Первые штрихи социокультурного портрета советского малолетнего правонарушителя были обозначены в публикациях правоведов, педагогов и специалистов по социальной работе, обратившихся к теме охраны детства уже в 1920-е гг. Большое количество работ «по свежим следам» событий было связано с практической деятельностью тех, кто решал проблему ликвидации беспризорности, преступности, c желанием привлечь к ней внимание общества. Отметим публикации М. Н. Гернета[4], В. И. Куфаева[5], П. И. Люблинского[6], в которых раскрыты факторы появления детской беспризорности и преступности. В трудах Е. С. Лившиц[7], Маро (М. И. Левитиной)[8], Л. М. Василевского[9] показана связь детской безнадзорности с ростом преступности. Стоит отметить, что ещё в 1920-е гг. развернулась дискуссия по поводу причин детской безнадзорности и преступности. Одни считали, что поведение детей связано с врождённой дефективностью и психологическими отклонениями, другие усматривали причину в материальной и воспитательной заброшенности.
В дальнейшем в советской историографии речь уже шла о трудностях, с которыми столкнулась новая власть в борьбе за спасение детей, об успешной ликвидации детской беспризорности и преступности. Появлялись работы юристов, которые описывали развитие пенитенциарных учреждений для несовершеннолетних преступников, изменения государственной политики по отношению к ним[10]. Эти подходы задавали определённую рамку для советской художественной литературы, где создавался стереотипный портрет ребёнка-правонарушителя, беспризорника, которого советская власть вывела «в люди».
В историографии постсоветского периода заметно постепенное смещение исследовательского интереса в сторону комплексного анализа политики Советского государства и практической педагогической работы с малолетними правонарушителями. В 1990-х гг. наметилось возрождение внимания к проблемам беспризорности, которая вновь стала социальным бедствием для России. В исследовании Н. А. Рябининой[11] на материалах губерний Верхнего Поволжья рассмотрены вопросы, связанные с ликвидацией детской беспризорности и преступности в 1920-е гг. Автор отмечает, что усилия государства позволили значительно снизить уровень детской беспризорности к 1928 г. в отличие от детской преступности, которая сохранялась на высоком уровне.
Исследователи определяют источники, масштабы и причины детской преступности, характеризуют различные формы борьбы с ней, деятельность государственных и общественных организаций в этом направлении, но не касаются вопросов социальных характеристик детей-правонарушителей[12].

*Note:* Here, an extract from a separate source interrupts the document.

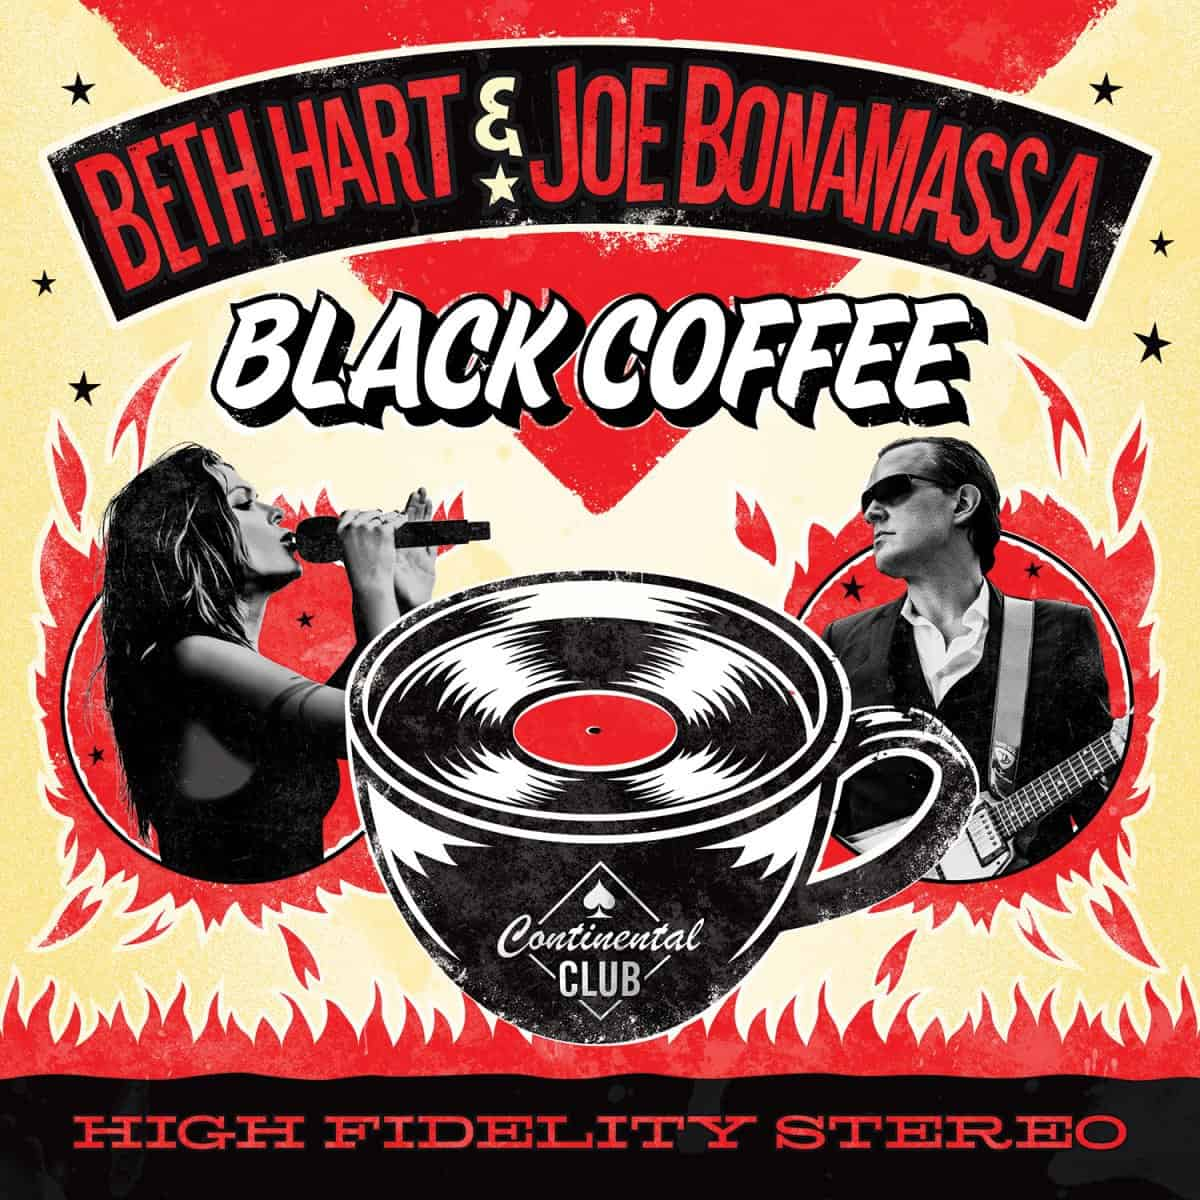 Beth-Hart-and-Joe-Bonamassa-Black-Coffee

Применительно к Карелии проблема социокультурного облика малолетних правонарушителей не изучалась. Вместе с тем заслуживают внимания следующие вопросы. Каковы были социальное происхождение этих детей, их половозрастной состав? Какой была среди них доля беспризорников и сирот? Как подходили к оценке поведения детей сотрудники учреждений, работающих с этими категориями детей? В архивных поисках ответов на эти вопросы мы пока не получили исчерпывающих сведений, однако определённое продвижение в понимании проблемы дают документы Комиссии по делам несовершеннолетних 1920-х гг. Нами были проанализированы материалы за 1920—1929 гг., в общей сложности протоколы около 60 заседаний.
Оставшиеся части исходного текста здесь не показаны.